I need to stop finding myself pinned against surfaces of this house with Carmine. Though, something about him trapping me affects me in ways that would disappoint a normal person. I press my thighs together, fighting the ache growing between my legs.
“I don’t want my brothers or anyone else seeing you in my clothes, Delilah. Go change.” He tilts his head to the side and leans forward. “Now.”
His lips are a ghost over mine, and my skin erupts in goosebumps alarming me of danger.
“No.”
His hand wraps around my throat like a necklace, and I tilt my head back, staring into the void of his eyes.
Except with him being so close, I notice a gold ring around his pupil with flecks of garnet dotting the iris-as if specs of blood have permanently found their home in his vision.
His lashes are long and dark. A man has no business with lashes like that. It’s dangerous for a woman like me because those eyes make it that much harder to fight the lust I deny I have for him.
“No one tells me no, Sweetling.” Wickedness laces his words.
His voice is rough, low and smoky, as if he just smoked a cigar.
“Get used to it. I won’t bow down to you, Carmine.”
His thumb presses against my bottom lip, and a slight smirk tilts his lips. “You’ll bow, eventually.” He kisses my cheek and brings his mouth to my ear. “Eventually, you’ll even get on your knees for me.”

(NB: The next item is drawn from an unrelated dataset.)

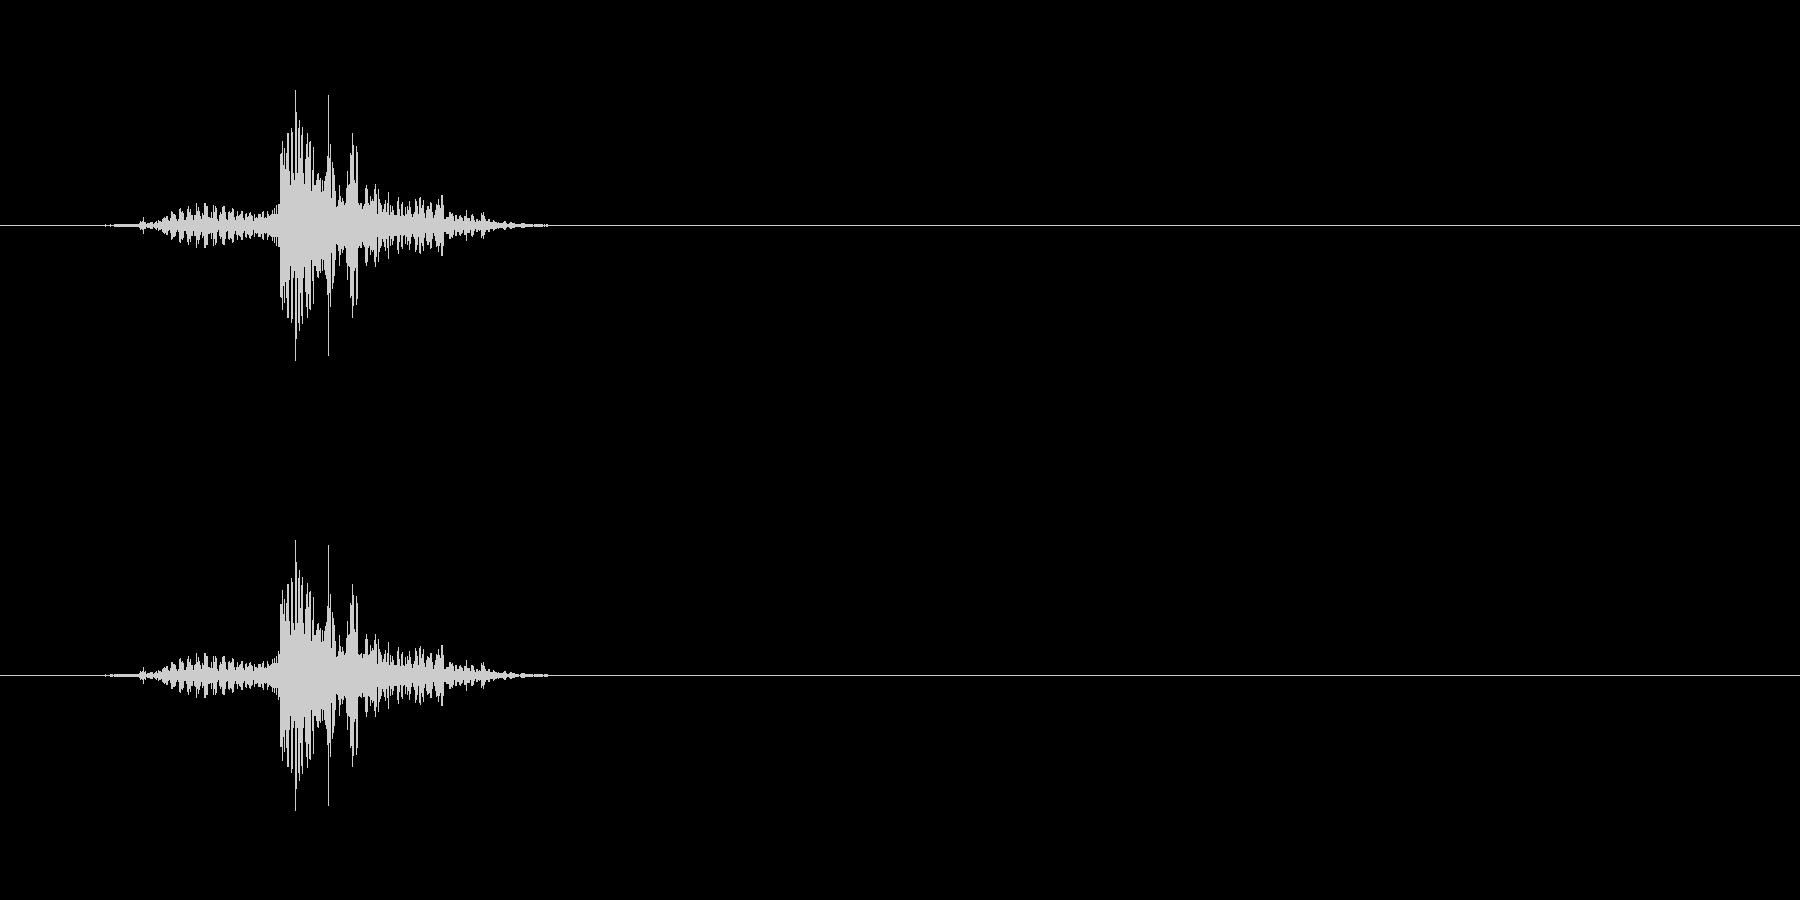 【ブーブークッション01-3】の未再生の波形

I swallow, not wanting to give into the darkly decadent spell he is casting over me. “I’ll never get on my knees for you, Carmine.”
A soft chuckle grazes my neck as he leans closer. He’ll be able to feel the erratic pulse of my heartbeat if he places his lips against the side of my throat. All I have is the mask I’m wearing, and I can’t have him taking it off.
I can’t let him see how weak he makes me, how terrified he truly makes me feel.
“Want to bet?” he pulls away, a glint in his eyes tells me he knows something I don’t.
“You’ll lose.”
He tucks his hands in his pockets and stares at me with amusement. “There’s one thing you need to know about me, Delilah.”
I cross my arms over my chest. “Let me guess, you never lose?”
My stomach takes that moment to remind me I haven’t eaten, and I stroll by him toward the kitchen open to the living room.
He grips my arm and yanks me back. “I don’t put myself in a position to lose, Delilah. If I am, I deal with it.”
“So you cheat?”
“I don’t fight fair, Sweetling. I fight to get ahead. I fight to get what I want, and I don’t care whom I hurt.” He reaches out to touch my face, and I cringe, closing my eyes so I don’t see what he is about to do. He tucks a piece of my wayward hair behind my ear. “But the last person I will hurt is you.”
I open my eyes and get lost in his, the intense depths having me hold my breath. The contact is unnerving. I’m not sure if I believe him. I know what he is capable of, and if I make him upset, will there be a time when I’m facing the barrel of his gun?